Directions for this task: Everything in the listing below should be written out again exactly, except the pictures.

Data below:
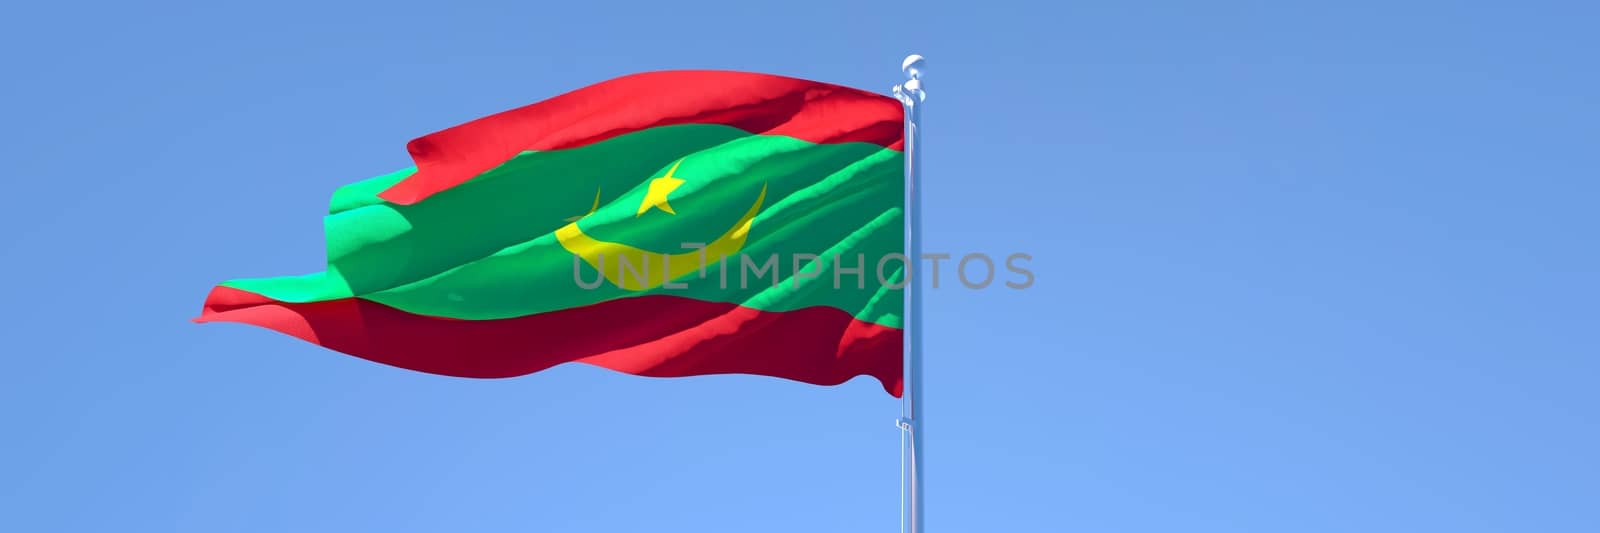 3D rendering of the national flag of Mauritania waving in the wind against a blue sky
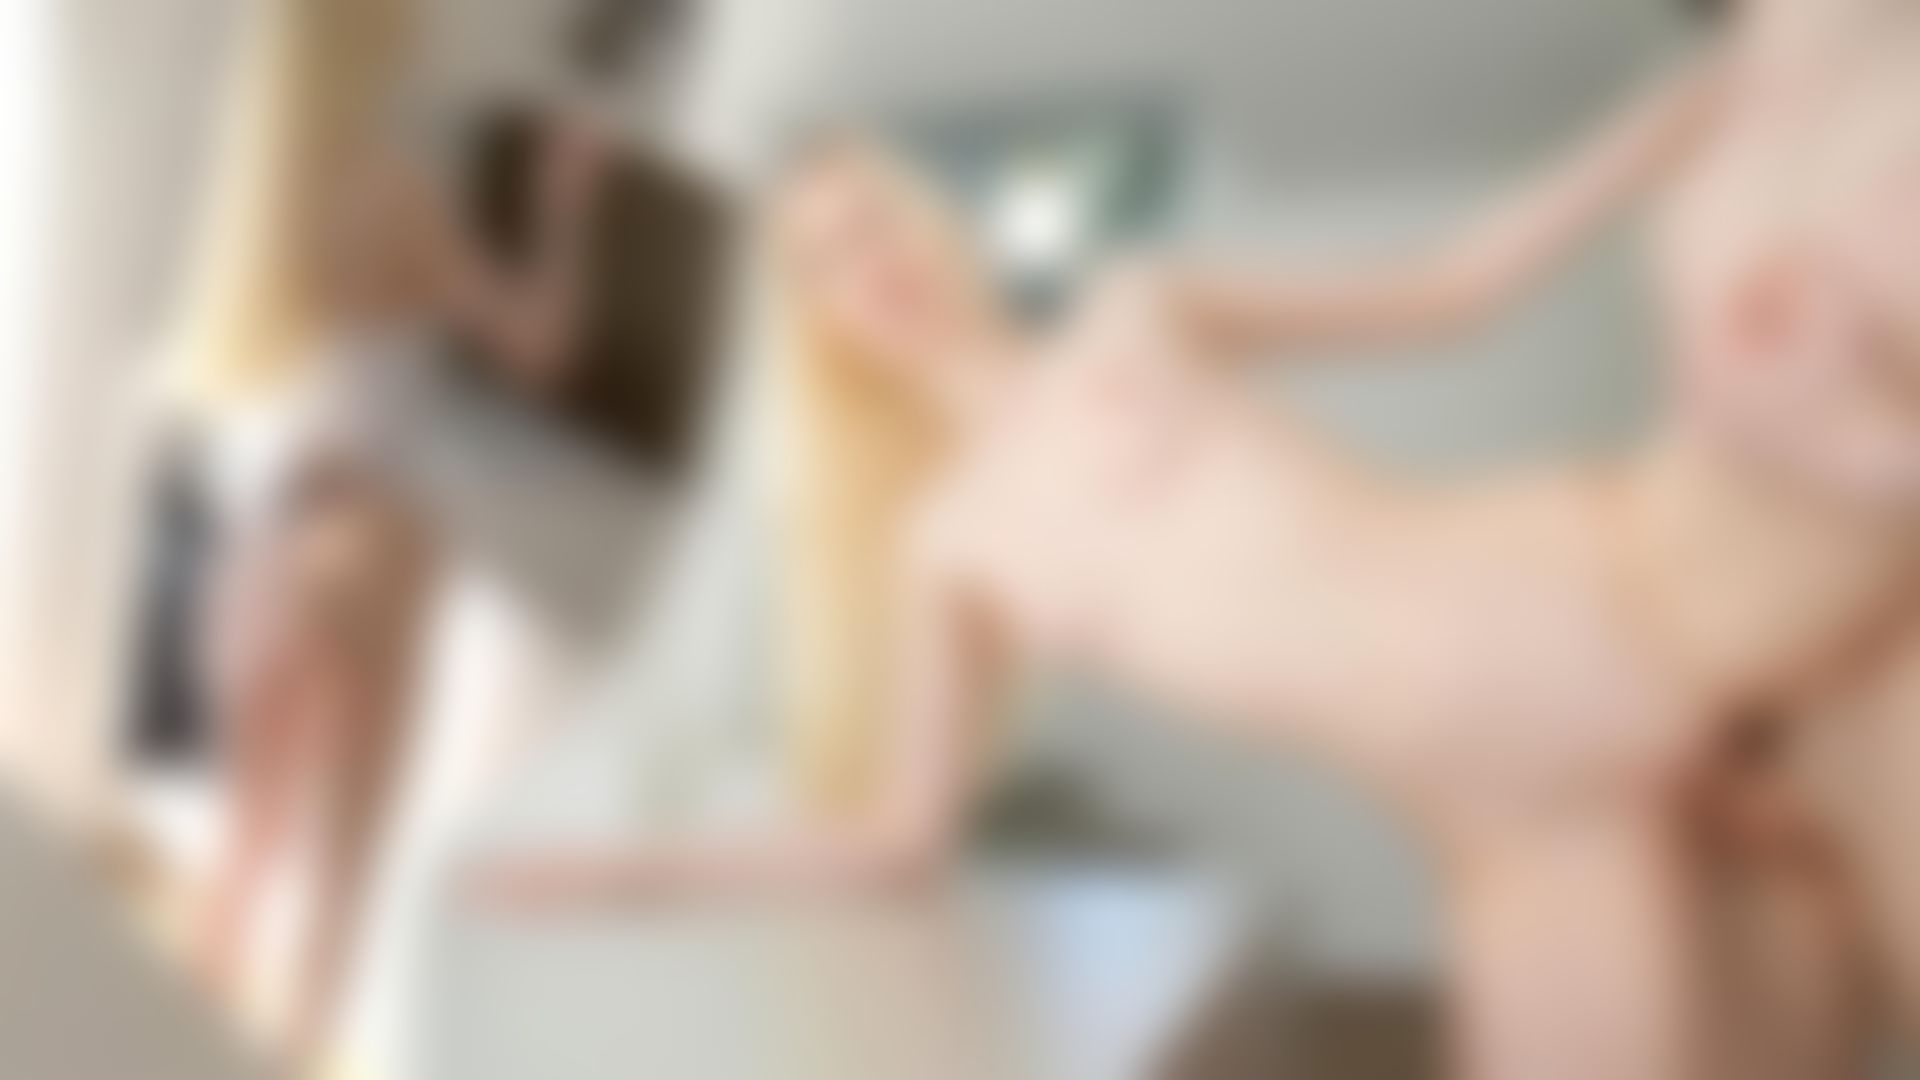 shinaryen : Usually I just have a very simple breakfast but this time I got lucky, as he suggested to have something better, which is actual a my favorite breakfast - his cock! I love sucking it in the morning and being fucked by it. The best part is to take all that cum on my face after being fucked really well #全裸 #長腿 #白虎 #騷 #大奶 #露點 #巨乳 #呻吟 #全裸 #長腿 #18 #blonde #teen #pov #amateur #bigtits #bigass #facial #sexy  
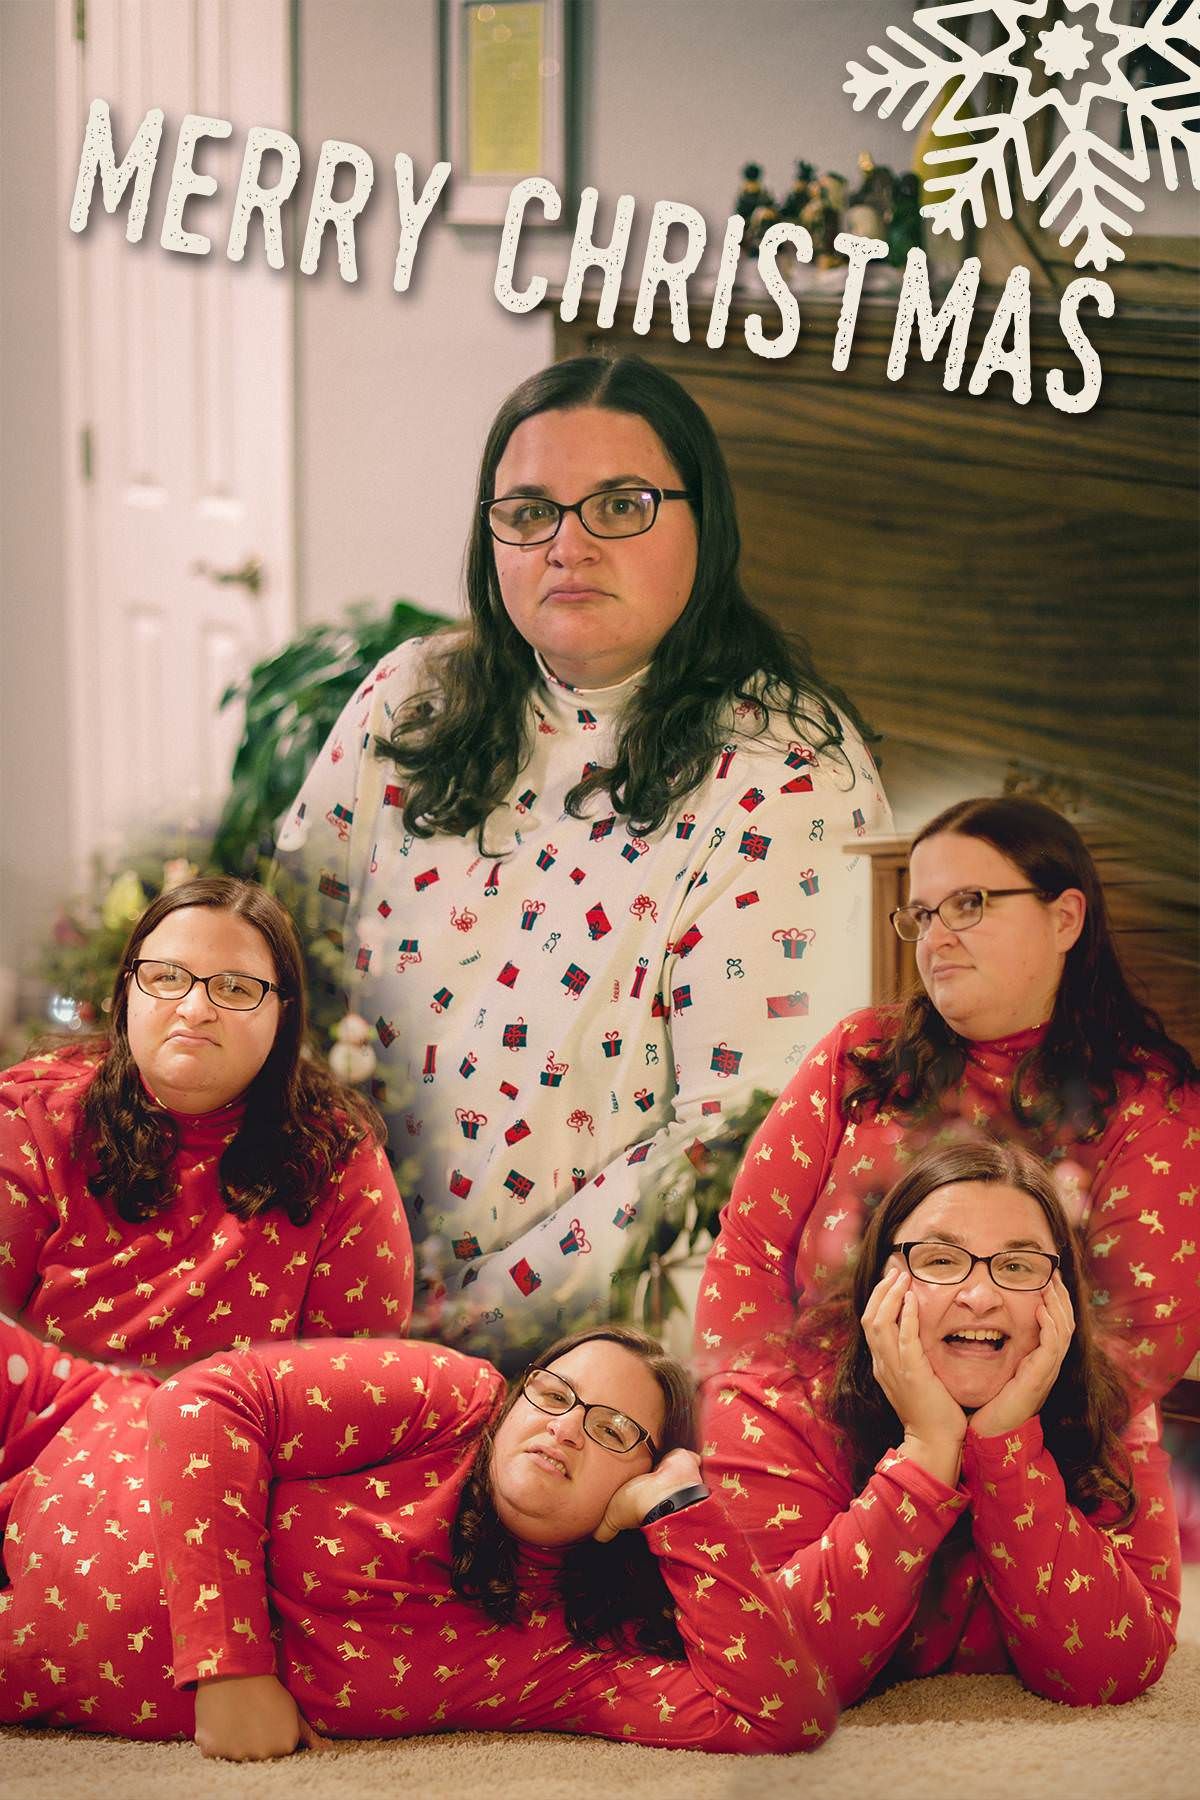 Every year I try to outdo the previous years Christmas card. This year didn't beat last years but I still think it's good.

Output:
 3D rendering of the national flag of Mauritania waving in the wind against a blue sky
 shinaryen : Usually I just have a very simple breakfast but this time I got lucky, as he suggested to have something better, which is actual a my favorite breakfast - his cock! I love sucking it in the morning and being fucked by it. The best part is to take all that cum on my face after being fucked really well #全裸 #長腿 #白虎 #騷 #大奶 #露點 #巨乳 #呻吟 #全裸 #長腿 #18 #blonde #teen #pov #amateur #bigtits #bigass #facial #sexy  
 Every year I try to outdo the previous years Christmas card. This year didn't beat last years but I still think it's good.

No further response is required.